SMS Rail Lines  is a shortline railroad based at Pureland Industrial Park in Bridgeport, New Jersey. The company handles all freight car delivery to businesses located within the industrial park. It also operates lines in  Morrisville, Pennsylvania, and Guilderland, New York. Guilderland-based operations operate as SMS Rail Lines of New York, LLC . SMS maintains many locomotives built by the Baldwin Locomotive Works.
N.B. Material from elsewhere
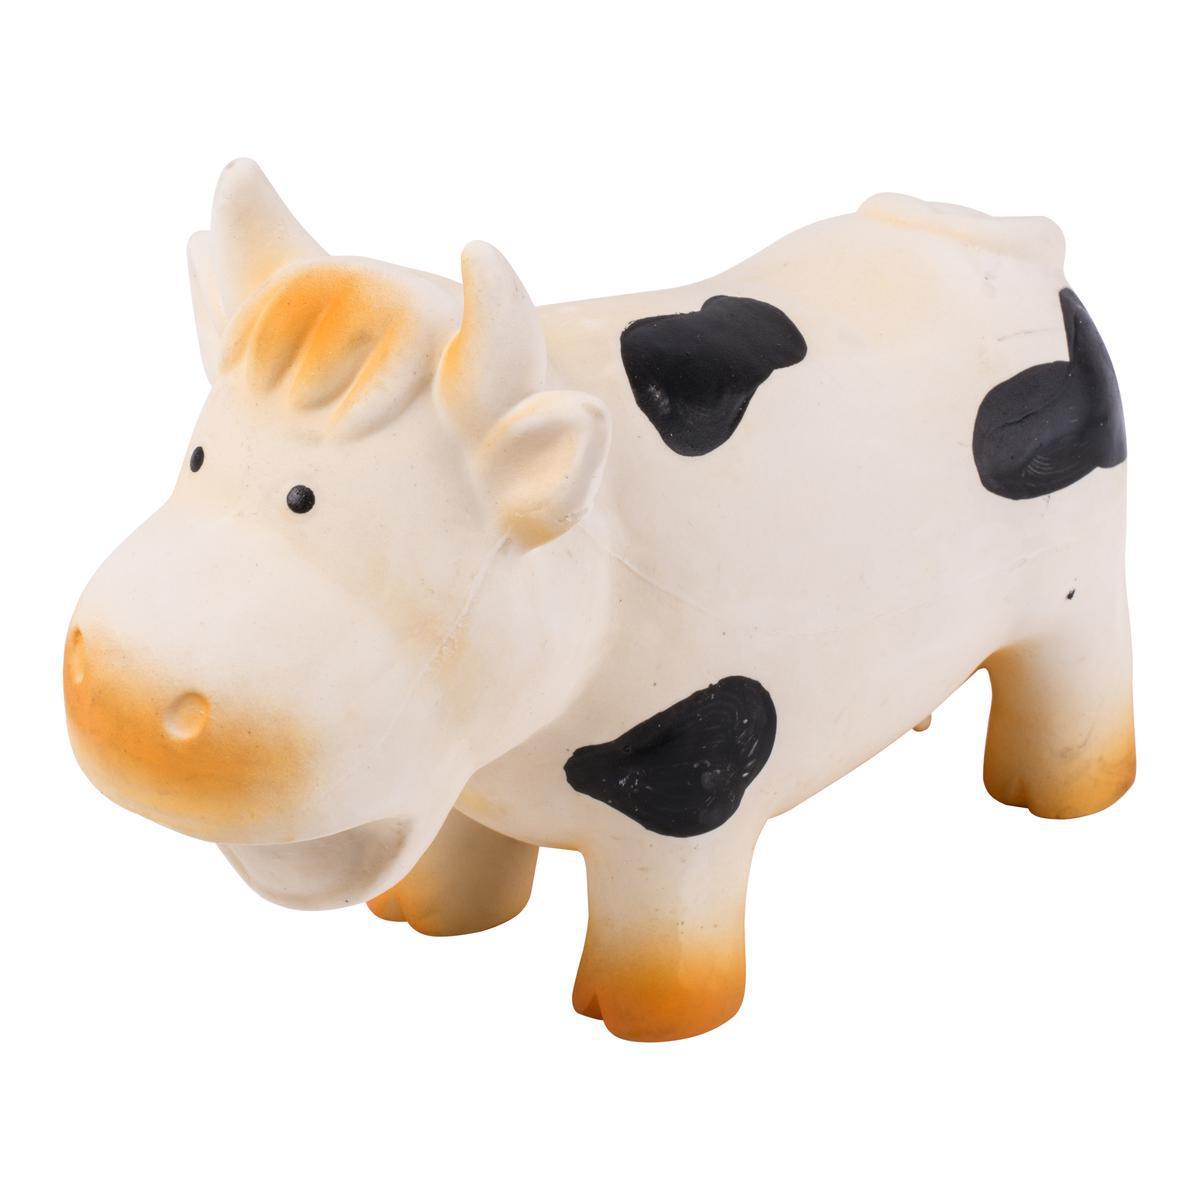 Jouet vache pour chien - Latex - 18 cm - Blanc, noir et orange

SMS provides chemical off-loading equipment and transload facilities to enable businesses to receive rail freight traffic.

Operations
In the Delaware Valley, SMS Rail Lines operates both industrial park switching operations and a county controlled rail line.
Morrisville – Serves the Penn Warner Industrial Park in Morrisville, Pennsylvania, with access to the Conrail Shared Assets Operations Morrisville Yard
Pureland – Serves the Pureland Industrial Complex in Logan Township, New Jersey, interchanging with Conrail Shared Assets Operations Penns Grove Secondary
Westville – Serves the Sunoco Logistics Eagle Point terminal in Westville, New Jersey, interchanging with Conrail Shared Assets Operations.
Salem - Serves the Salem County Short Line between Salem, New Jersey, Woodstown, New Jersey, and Swedesboro, New Jersey interchanging with Southern Railroad of New Jersey.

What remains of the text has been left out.